**** EXERCISE MATERIAL
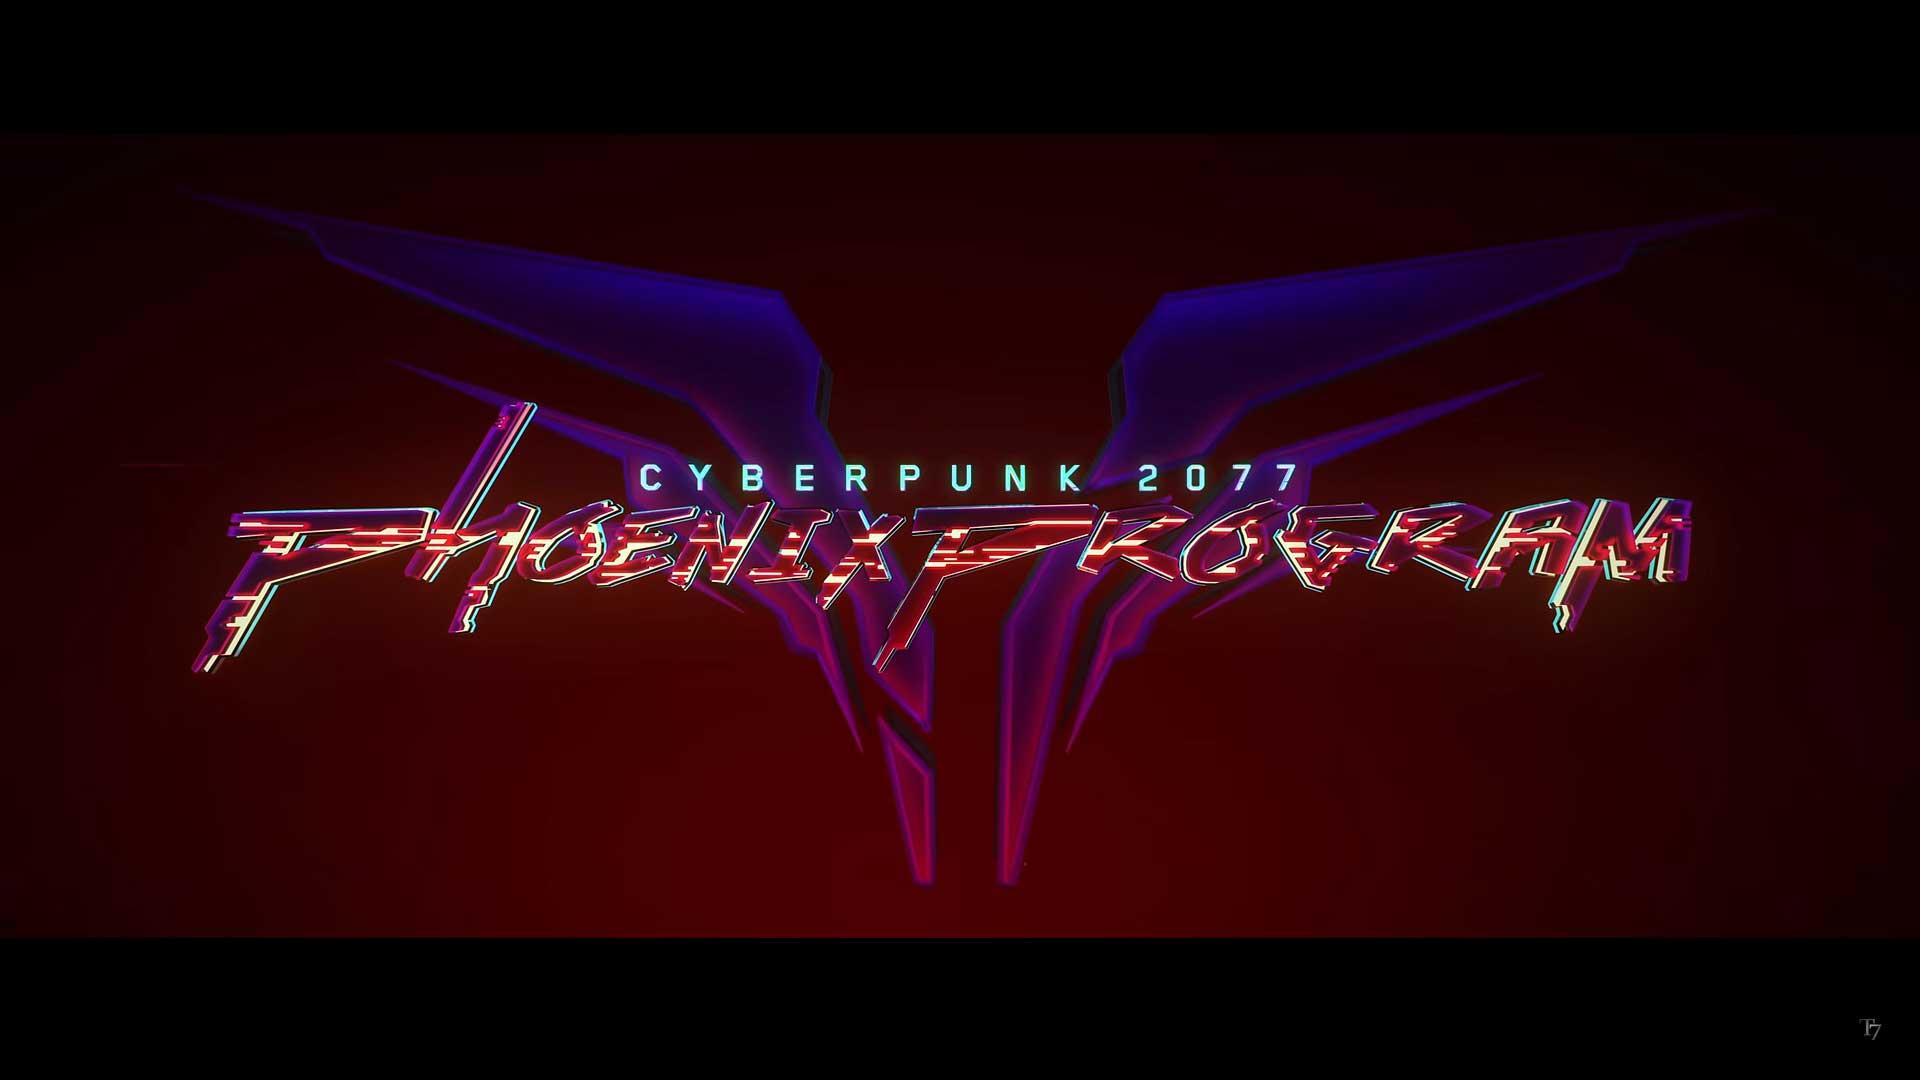 fan film phoenix program babt
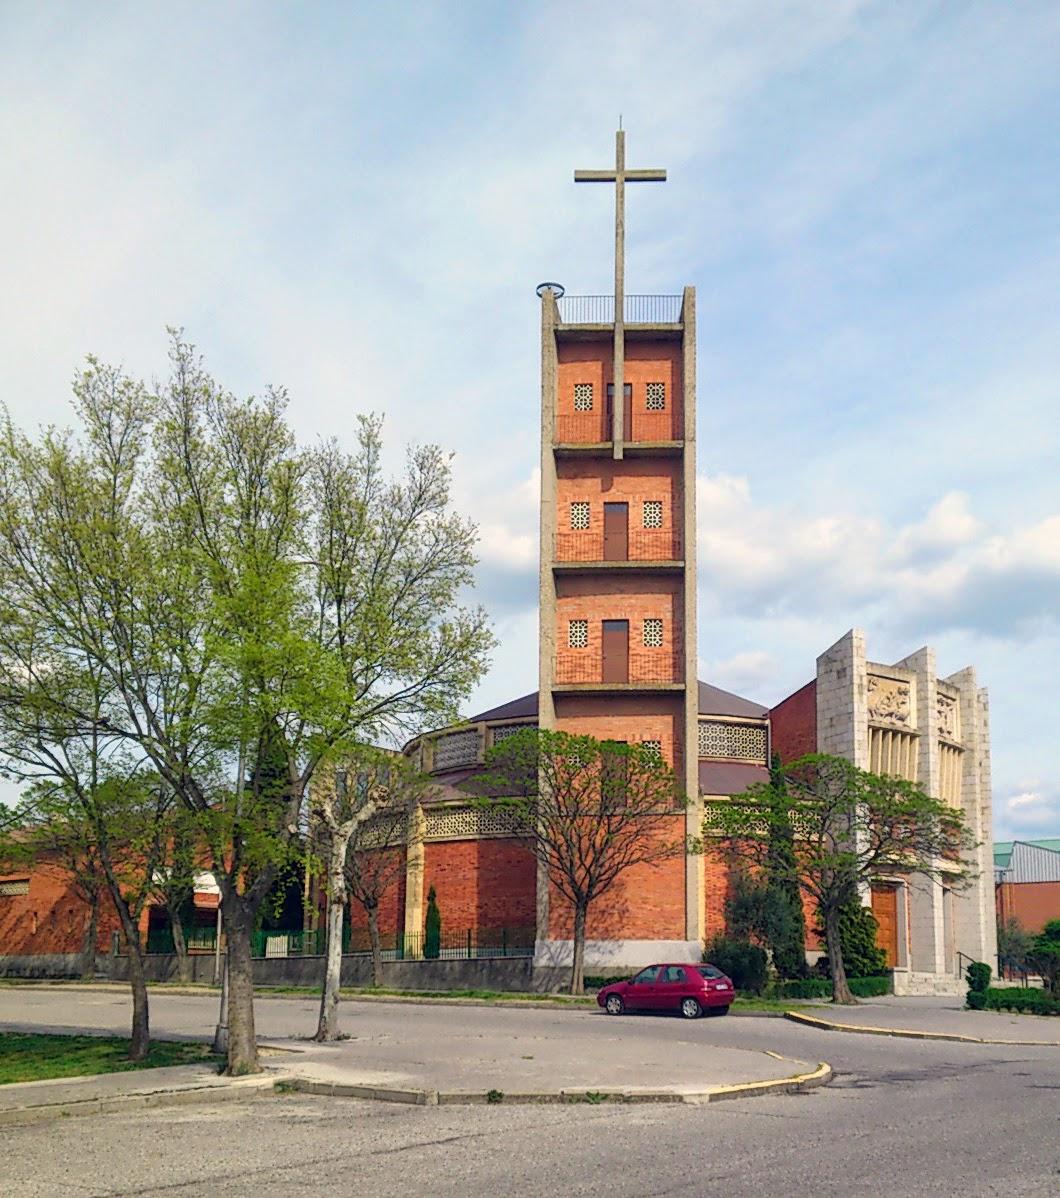 Iglesia del carmen arquitectura eclesi stica comtempor nea en segovia sf23 arquitectos - Arquitectos en segovia ...
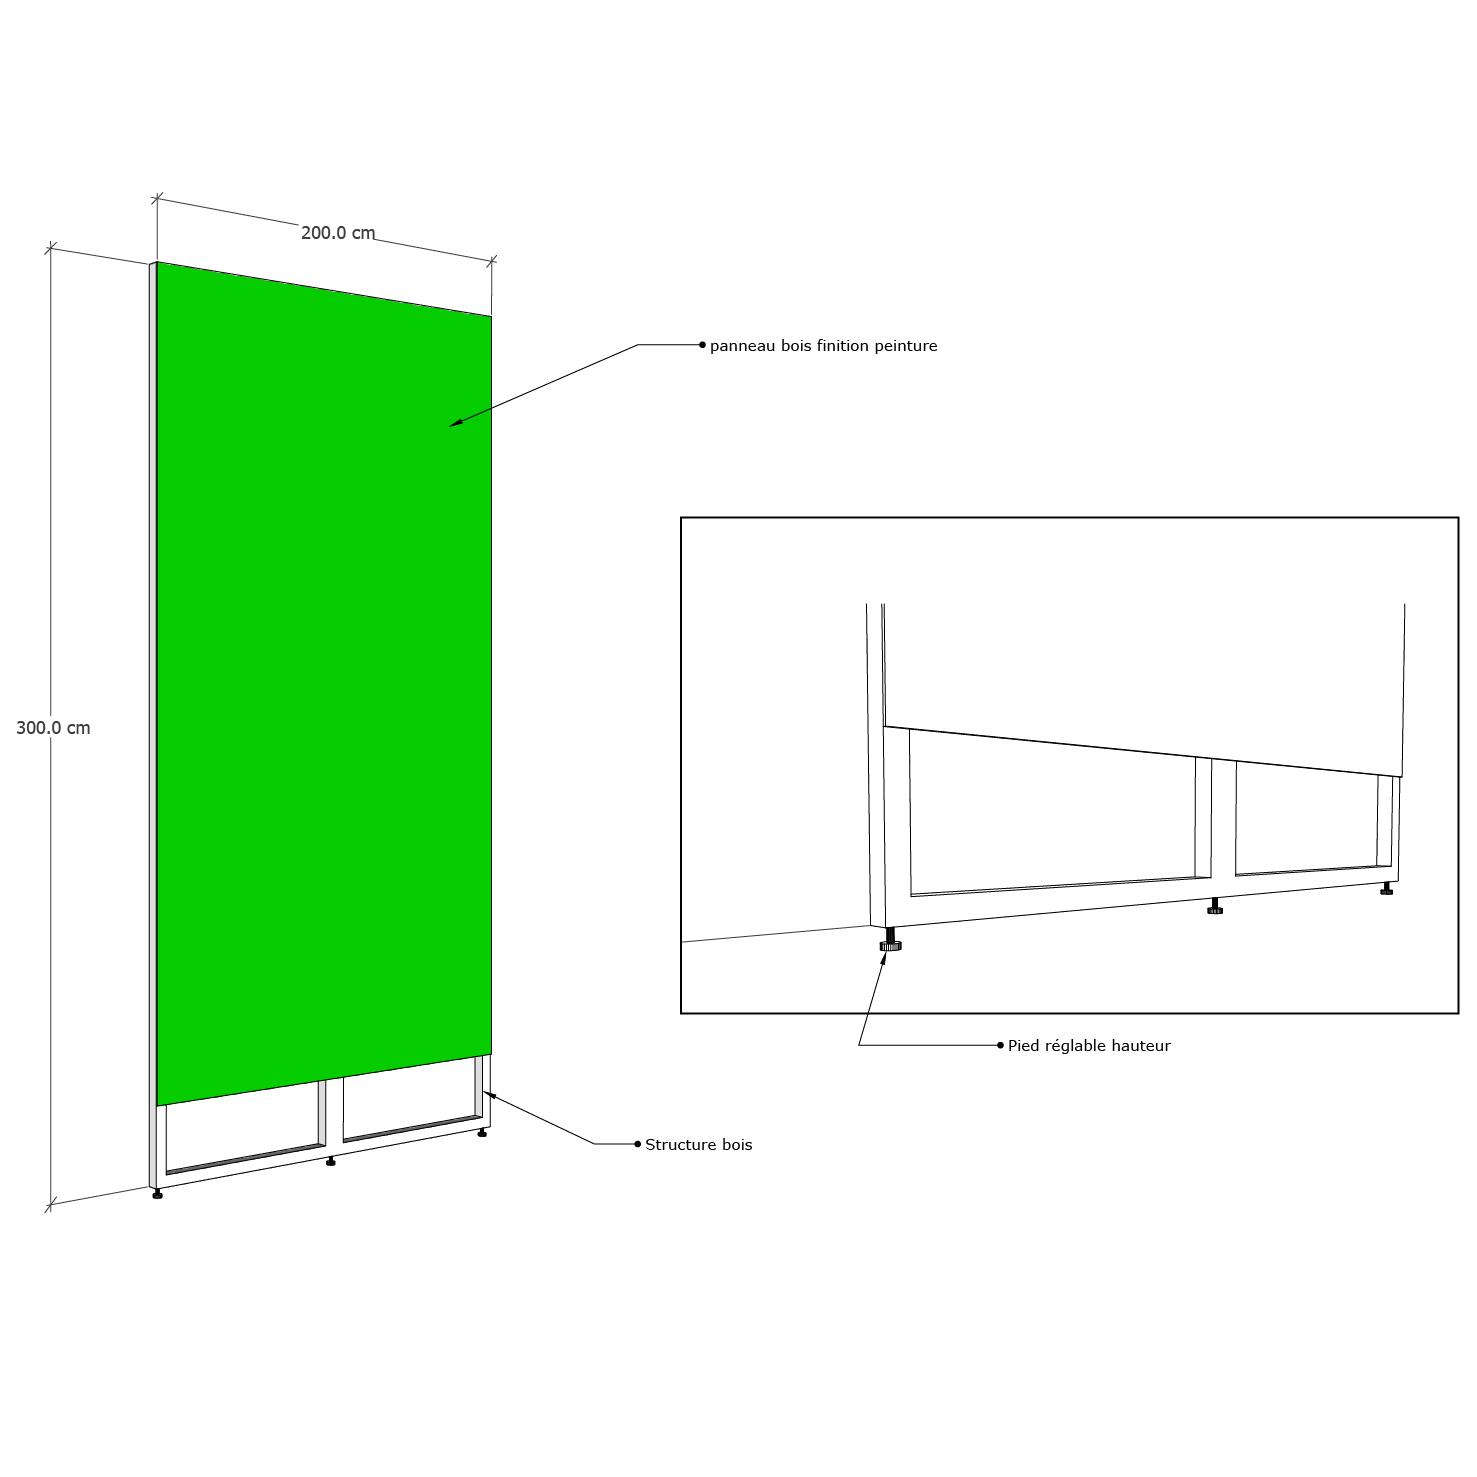 Structure fond vert mur droit
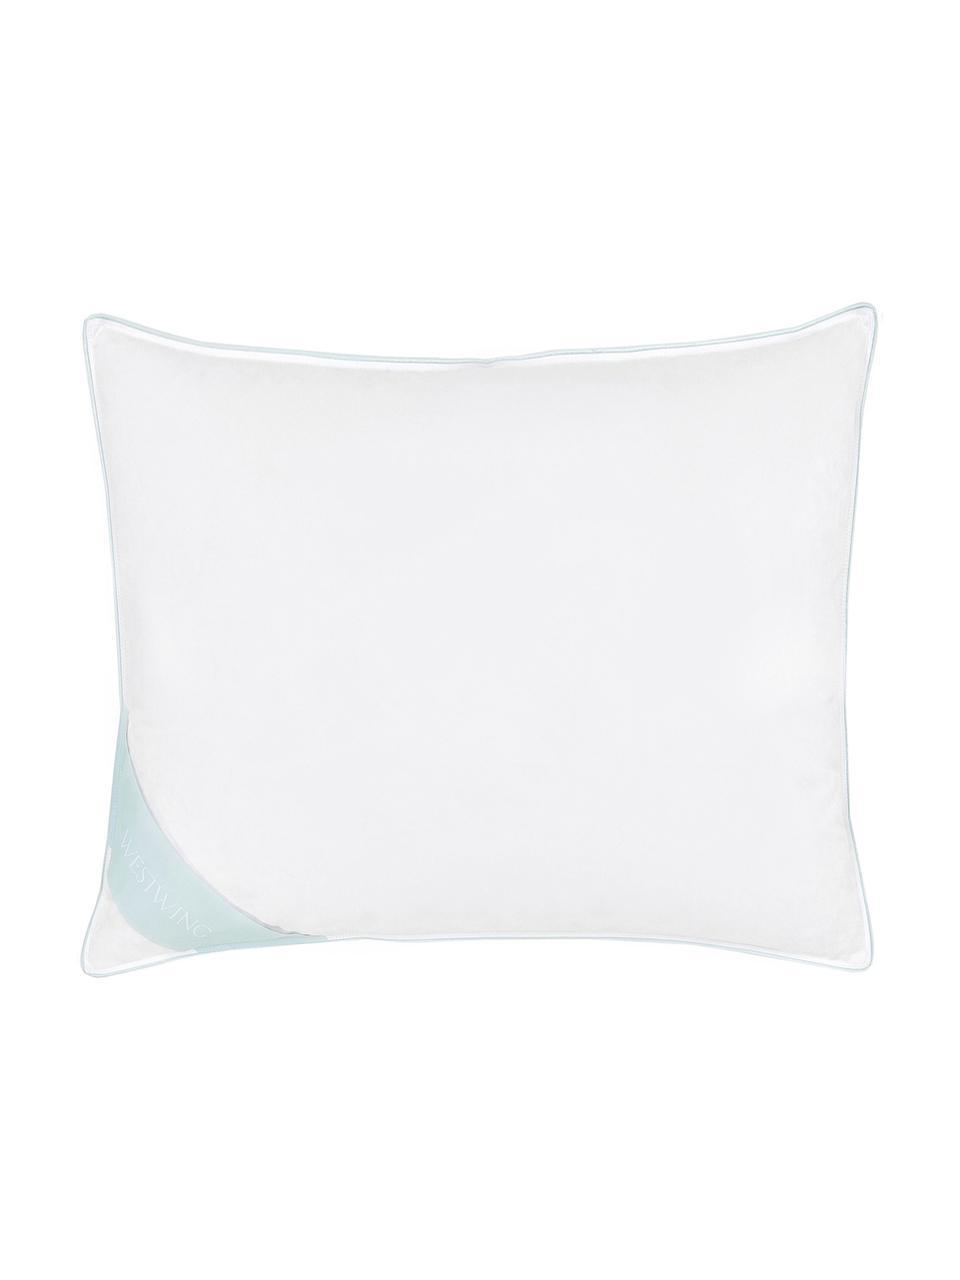 Veren hoofdkussen Comfort, medium, Wit met turquoise satijnen bies, 60 x 70 cm
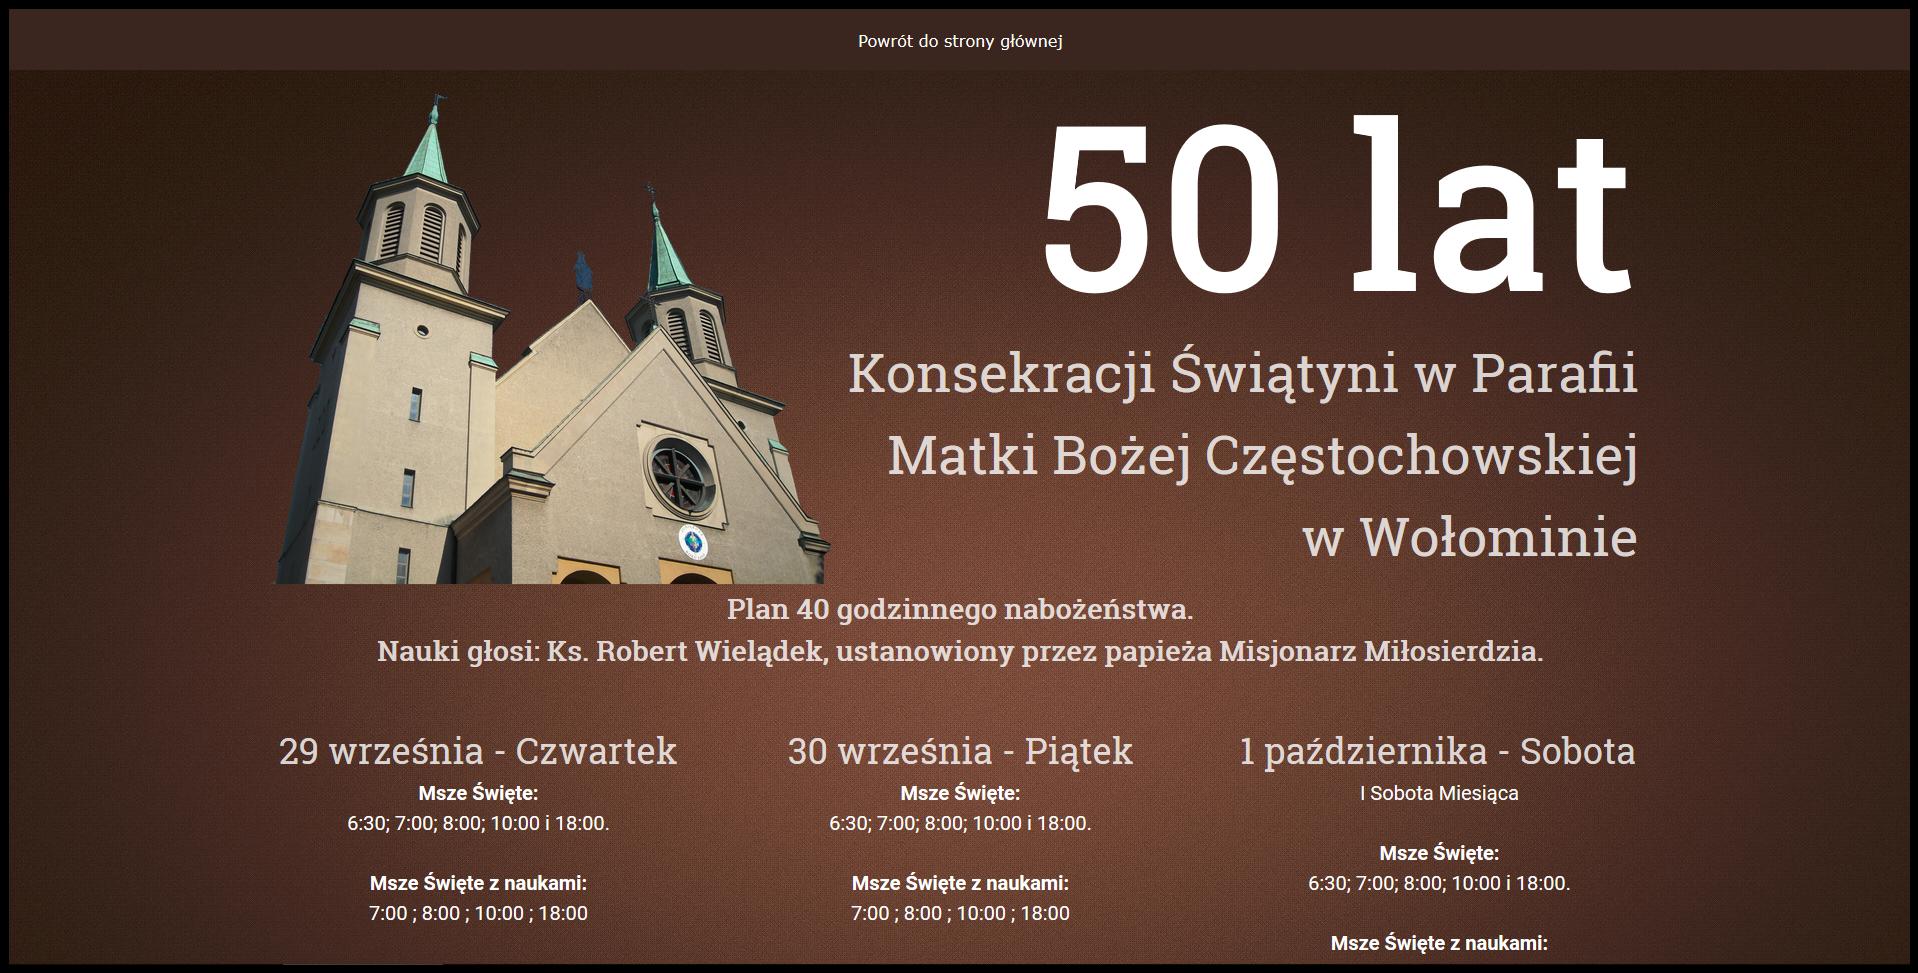 Jubileuszowa strona parafii Matki Bożej Częstochowskiej
********
PROBLEM TO SOLVE:
Transcribe all of the listing precisely. The images stay out of it.

COMPLETED TASK:
 fan film phoenix program babt
 Iglesia del carmen arquitectura eclesi stica comtempor nea en segovia sf23 arquitectos - Arquitectos en segovia ...
 Structure fond vert mur droit
 Veren hoofdkussen Comfort, medium, Wit met turquoise satijnen bies, 60 x 70 cm
 Jubileuszowa strona parafii Matki Bożej Częstochowskiej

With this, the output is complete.